The FRIIME project addresses the question: ‘Can the intramolecular stable isotope composition be used to enhance the Forensic Intelligence capabilities to track the origin of home-made explosives and psychoactive substances?’
In the battle against the illicit drugs market, methodologies have been developed to address origin determination and trafficking route dismantlement for various scheduled molecules: this is the concept of drug profiling. Profiling methods can rely on synthetic impurities, residual solvents, etc. In FRIIME, the same objective will be pursued but using the powerful intrinsic marker of the isotopic content of the molecules in question. In recent years, stable isotope strategies have proved to be a valuable resource in various forensic fields, including explosives and illicit drugs. However, these prior studies were conducted using isotope ratio measured by Mass Spectrometry (irm-MS), which only allows the isotopic characterisation to be applied to the whole molecule of interest.
FRIIME, by resorting to a cutting edge isotopic nuclear magnetic resonance (NMR) methodology, will investigate the position-specific distribution of isotopes in two common explosives, two well-known cutting agents used with illicit drugs and one new psychoactive substance. Isotopic 13C NMR will be applied to target molecules in order to refine the data obtained by irm-MS, as has already been demonstrated for counterfeiting of medicines. Furthermore, isotopic 15N NMR will be developed as a very pertinent contribution to the analyses of explosives. By collecting a larger number of parameters characteristic of the studied products than are currently obtainable, a new strategic and tactical paradigm will be made available to Law Enforcement Agencies enabling models of greater sophistication and predictive power to be developed, including the origins of raw materials and chemical reaction pathways used to manufacture targeted products.

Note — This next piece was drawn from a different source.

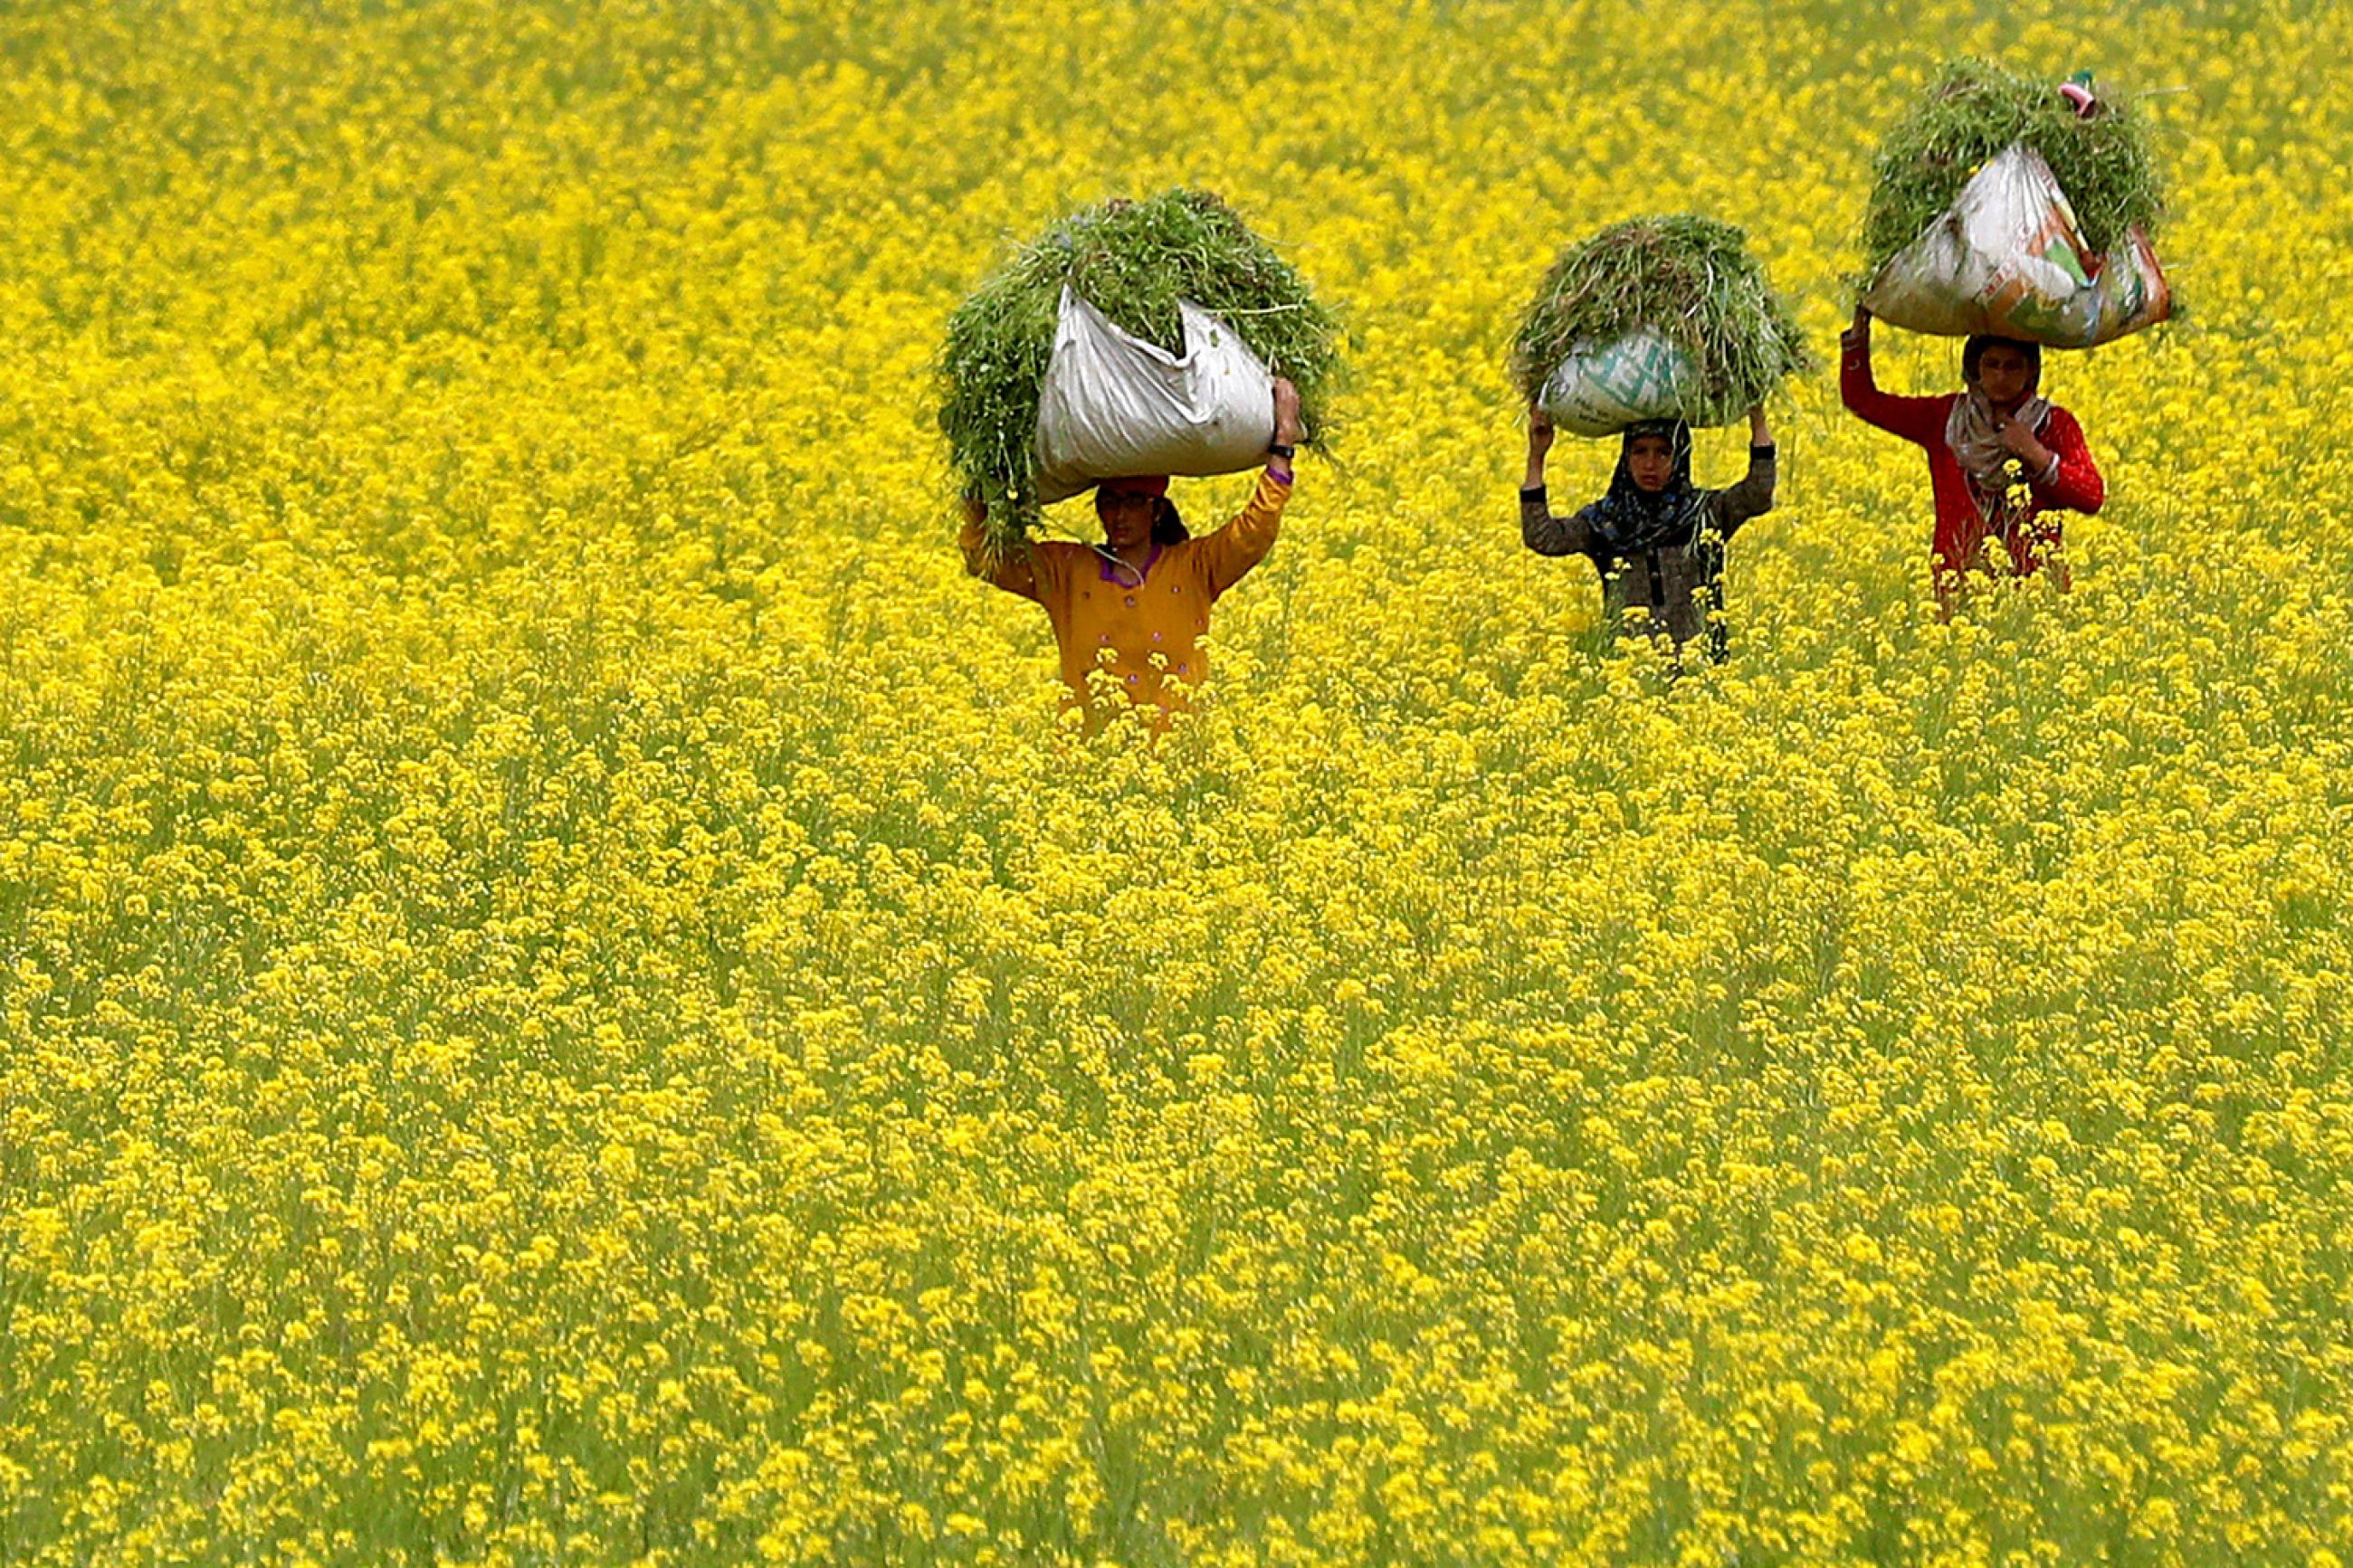 Snapshot from a time when it's far from normal: women carry cattle fodder through a mustard field on Earth Day, amid the coronavirus lockdown, on the outskirts of Srinagar, India, on April 22, 2020. This is a stunning photo showing three women with large bales of freshly cut plants on their heads walking through a field thrown into a yellow hue because of the flowering mustard greens. REUTERS/Danish Ismail

FRIIME is an ambitious and breakthrough project proposing a new approach made possible by uniting analytical chemists specialised in isotope analysis with scientists specialised in forensic applications. Innovative spin-offs from FRIIME can be expected in the following areas:
• Rationalization of the connection between forensic science and intelligence-led policing: more data on position-specific isotope, 13C and 15N composition of home-made explosives (ammonium nitrate and urea nitrate) from different manufacturing processes, on psychoactive drugs (meta-chlorophenylpiperazine) , and on different cutting agents (caffeine, phenacetin). These data will serve to build refined models with which to combat crime.
• An improved, more robust methodology through the high-precision isotopic characterization of a drug or an explosive for determining the origin of the raw materials and/or the manufacturing process used.
• A protocol for isotopic NMR that can be adapted to other forensic fields, such as the environment (ground water or soil contamination), food control and toxicology, or counterfeit medicines.
• Applications of a new instrumental methodology to other research domains: metabolomics, fluxomics and isotopomics.
The success of the FRIIME project requires the interaction of scientific skills in quantitative NMR, Isotope Analytical Chemistry and Forensic investigation. To fulfil its purposes, FRIIME is built as a Collaborative Research Project associating two public partners: 1) the academic research team of the Isotope Analysis Group (EBSI) of CEISAM (Nantes), providing its innovative NMR platform, and 2) the French Police Forensic Institute: INPS (Lyon), providing a long-term experience in illicit drug profiling, including the use of its own irm-MS. Thanks to its expertise and experience in the areas of illicit drugs and explosives, INPS is in a unique position to provide a collection of real samples, thus guaranteeing an operational outcome, in accordance with the expectations of the law enforcement agencies.